Именно Теон помог Корнелии изучить заклинание Сектумсемпры, взамен попросив разрешение поцеловать её ладонь. Едва губы его коснулись её кожи, сердце обуяло жаром. Пала Корнелия перед ним из-за обаяния или по вине первой подростковой влюбленности, не знала даже её душа.
Хай Лин этой новости не обрадовалась. И предрекла, что однажды Теон её покинет — его непостоянство и неугомонное собственное величие распускали руки, развязывали язык, стирали с памяти заветные чувства. Он был для неё очередным богатым ублюдком и признанное всеми его очарование Хай Лин только раздражало,
— Я сама хотела надеть белое платье, — Корнелия рассмеялась вместе с ней. — Представь, с какой рожей они смотрели бы на меня. Идёт невеста под алтарь в похоронном платье, пока все вокруг радуются в чёрном.
— Я слышала, что церемония проходит в их главном поместье.

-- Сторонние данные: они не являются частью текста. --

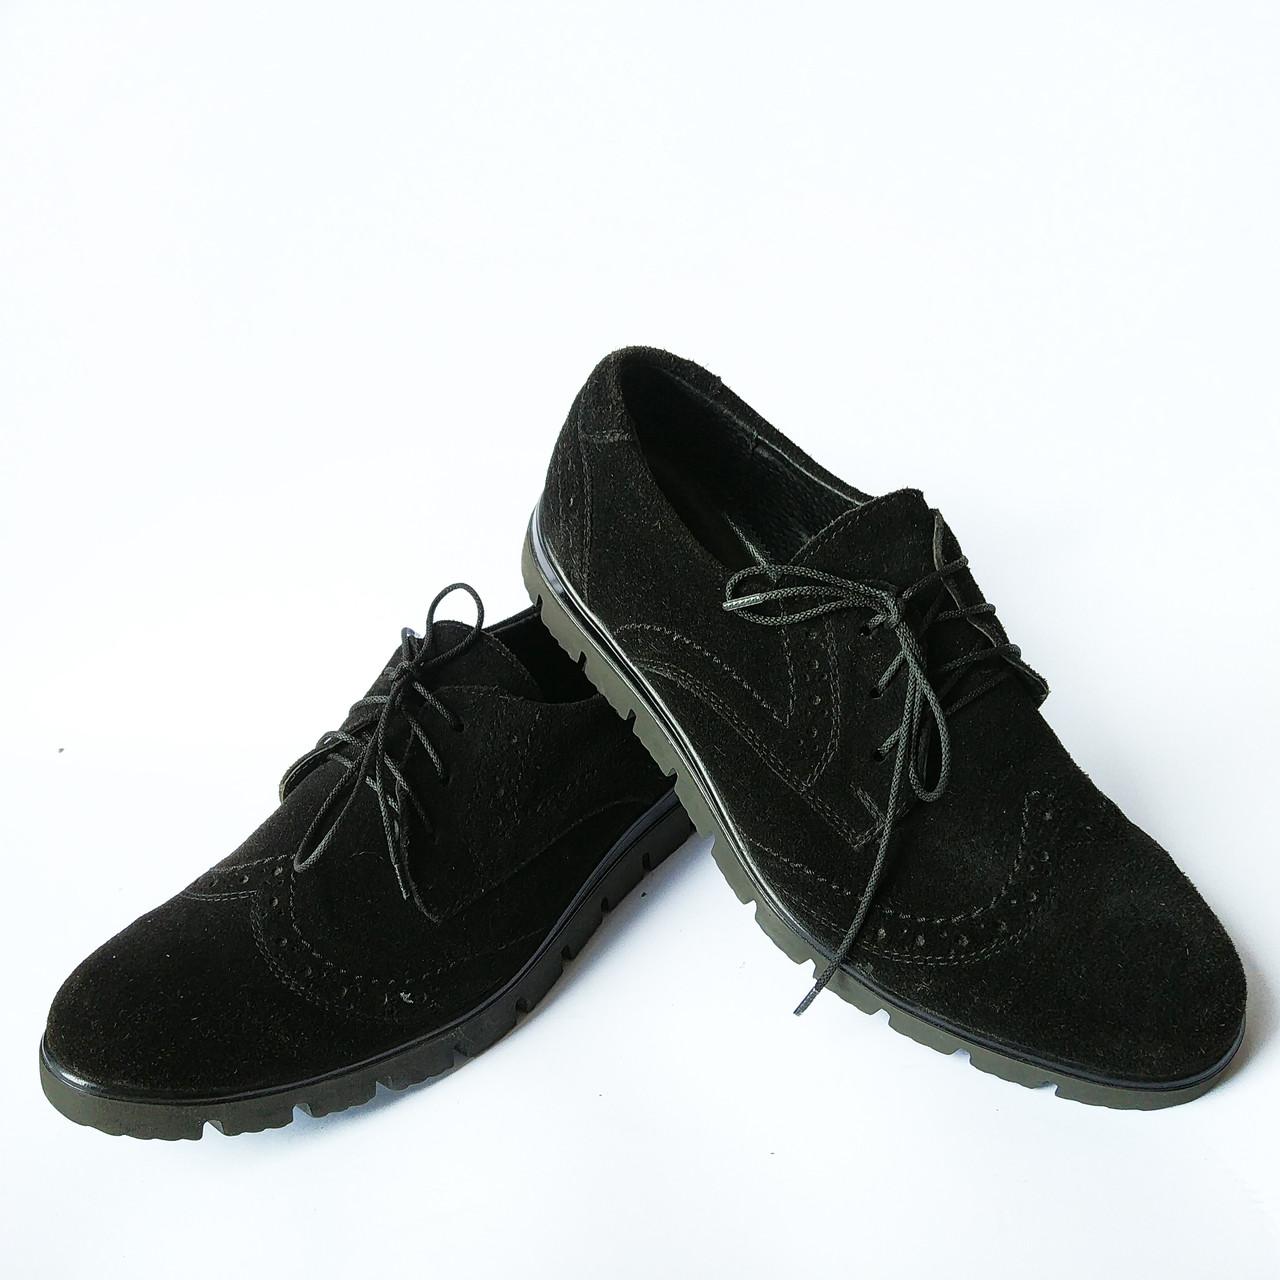 6241c00ae Обувь Харьков мужская : замшевые мокасины, черного цвета, фабрики DanShoes

— Если быть точнее, то на Белом Утёсе в графстве Кент, — хоть Корнелия никогда там и не находилась, рассказ её был полон только неоспоримой правды, — кольца изготавливают в ночь перед свадьбой. Когда их приносят, они всё ещё хранят в себе жар ювелирной кузницы. Никаких свадебных клятв, никаких обещаний вечной брачной жизни, никаких песен и дорогого оркестра. Из свидетелей — пролив Ла-Манш с его бушующими и ледяными волнами, небо, которое заслонено грозовыми облаками, да северный ветер, который, по слухам, ненадолго затихает перед будущей супружеской четой. Именно так женятся мужчины семьи Блэк — на краю утеса, в чёрном наряде и из слов ими произносится одно только: «Если разлюблю, столкни меня вниз, прямо в эту водную пучину. А после — или прыгай сама, или сплюнь и никогда больше не вспоминай обо мне». Не оборви я помолвку, мы с Теоном стояли бы там на кромке и меня бы всю продуло!
Хай Лин отчего-то рассмеялась, да так звонко, что мадам Пинс немедля объявилась у их стола и смерила учениц строгим взглядом. Корнелия, прикусив губу, молчала, слушая с улыбкой бесконечный поток извинений от подруги. Вероятно, задорный смех вытравил из ума мадам все заученные проклятья и она, наконец, ожила, вспомнив о своей главной роли.
Отчитывали их недолго. Но теперь Корнелии пришлось говорить тише прежнего; она чаще озиралась, не желая делить свою жизнь со старой, деспотичной и одинокой женщиной. Услышь мадам Пинс об её свадьбе, пусть и не случившейся, читальный зал утонул бы в слезах и обвинениях.
Потому что да как она, жалкая и глупая школьница, смеет отказываться от семейного счастья и воротить нос от такого престижного и перспективного брака. Вот будь мадам Пинс на её месте, она бы заперла Теона на всю жизнь не только в своем сердце, но и в подвале, чтоб ни одна женщина больше не промелькнула перед ним и их счастье не сломила бы судьба-злодейка.
И в чём-то Корнелия бы с ней согласилась. Стать частью семьи Блэк — все равно что вытянуть билет в лучшую жизнь, лишенную голода, бедности и тени безызвестности. Но её это мало привлекало и уговаривало, поскольку семья Корнелии не бедствовала и жилось ей ничуть не хуже, чем наследникам знаменитого рода.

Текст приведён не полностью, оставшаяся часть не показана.